Андрей улыбнулся, представив, как Владимир Вирхов, блистая залысинами, вот в такой же академической манере читает серьезному, жаждущему знаний муравью лекцию о духовной жизни человека. Но спросил серьезно:
— Скажите, а как вы с вершины громадного космического сознания смотрите на отдельных теперешних маленьких людей?
— Требовательно. Я не люблю, когда они маленькие и удовлетворены своей малостью. Я уважаю человека, у которого вижу стремление к своему высшему достижению — в любой области. К своему мировому рекорду, скажем так. Потому что мировые рекорды и есть двигатели эволюции.
Андрей поколебался, но все-таки спросил и дальше — собственное положение давало ему право:
— Простите, что я касаюсь раны, но все же: как тогда отнестись к вашей болезни? Вот вы стремитесь к своему рекорду и во многом преуспели — и вдруг такая болезнь, при которой можно и не дожить до сорока…

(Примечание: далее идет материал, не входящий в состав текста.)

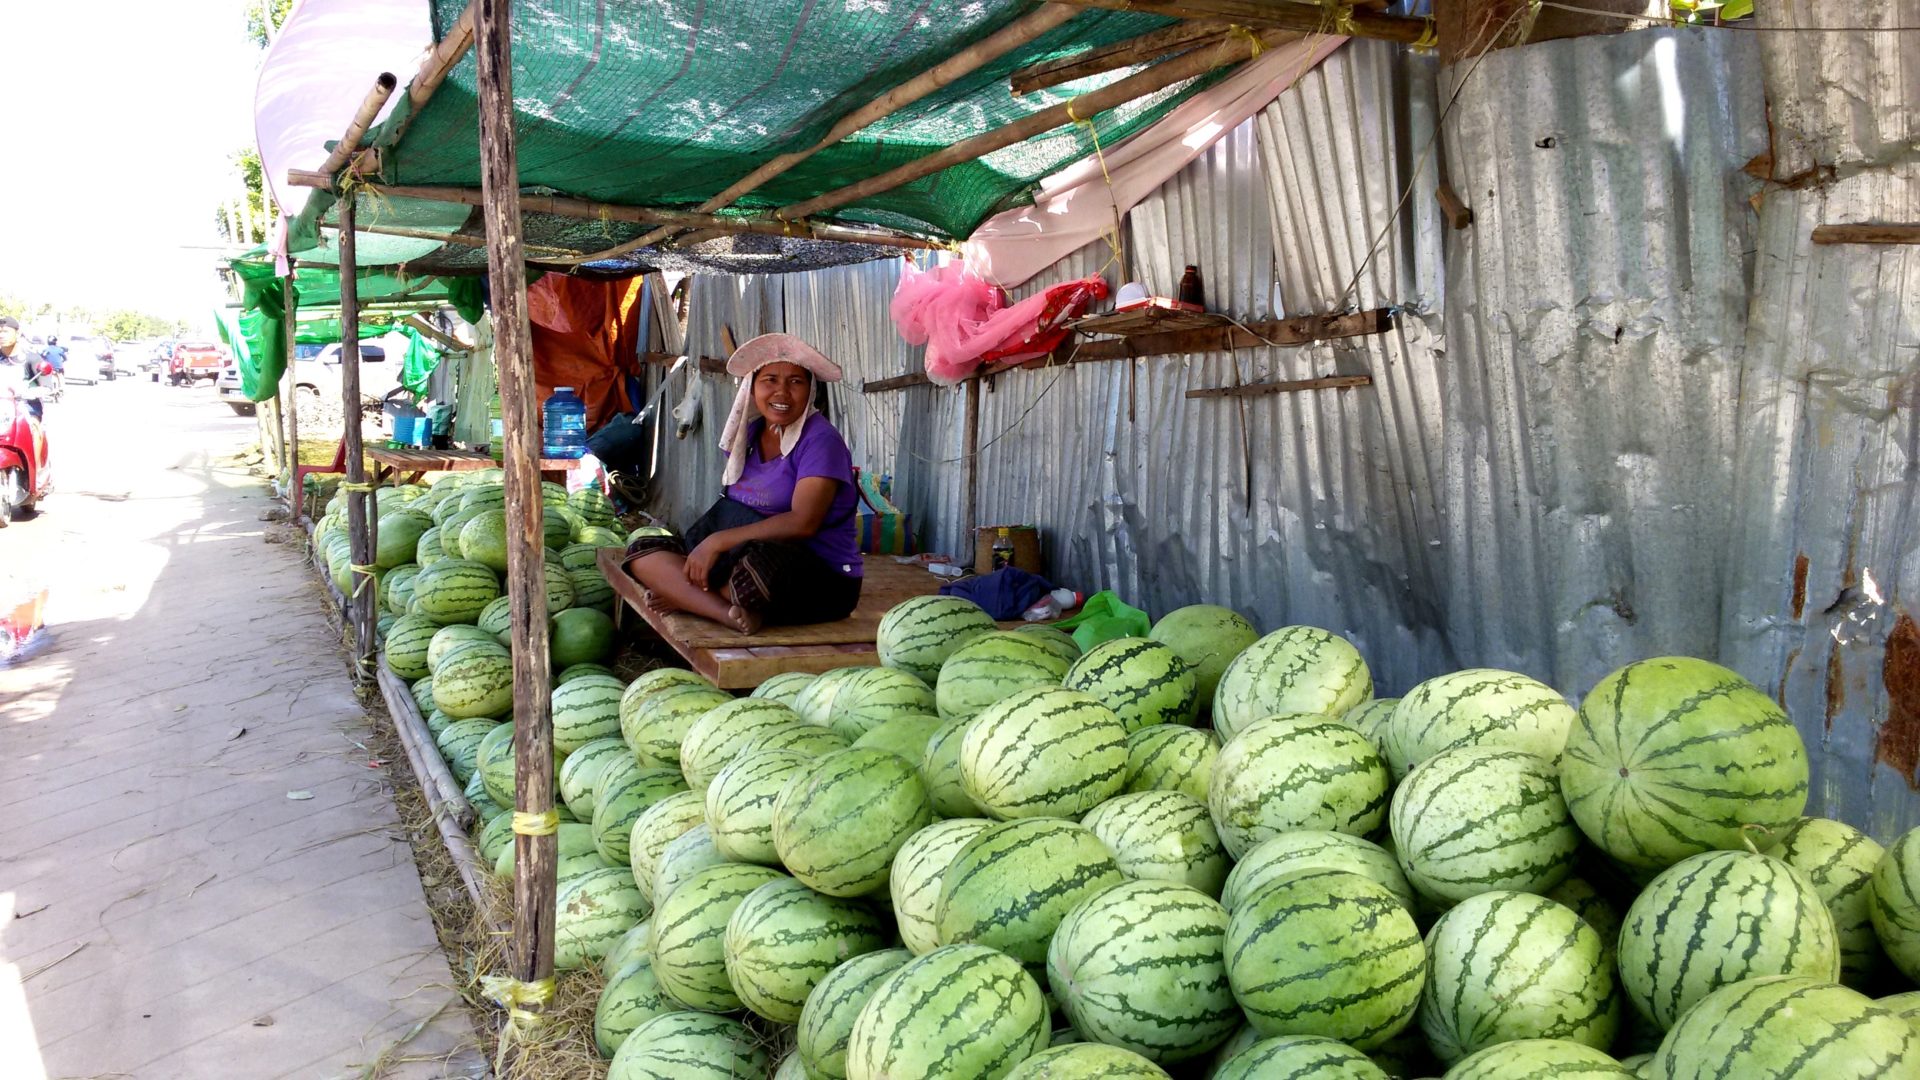 Young women sits under her stand where she sells a large number of watermelons.

Вирхов перебил — и холодная ирония чем-то напомнила Аллу:
— А меня-то уверяли, что ваш метод гарантирует излечение.
— У меня нет метода, я просто пишу портрет. Надеюсь, он окажет на вас хорошее влияние — он, а не я. Допустим, не было бы меня с моими портретами — не обо мне же речь: ведь сколько талантливых людей умирает, не дожив до своего рекорда. Мы сейчас рассуждаем теоретически.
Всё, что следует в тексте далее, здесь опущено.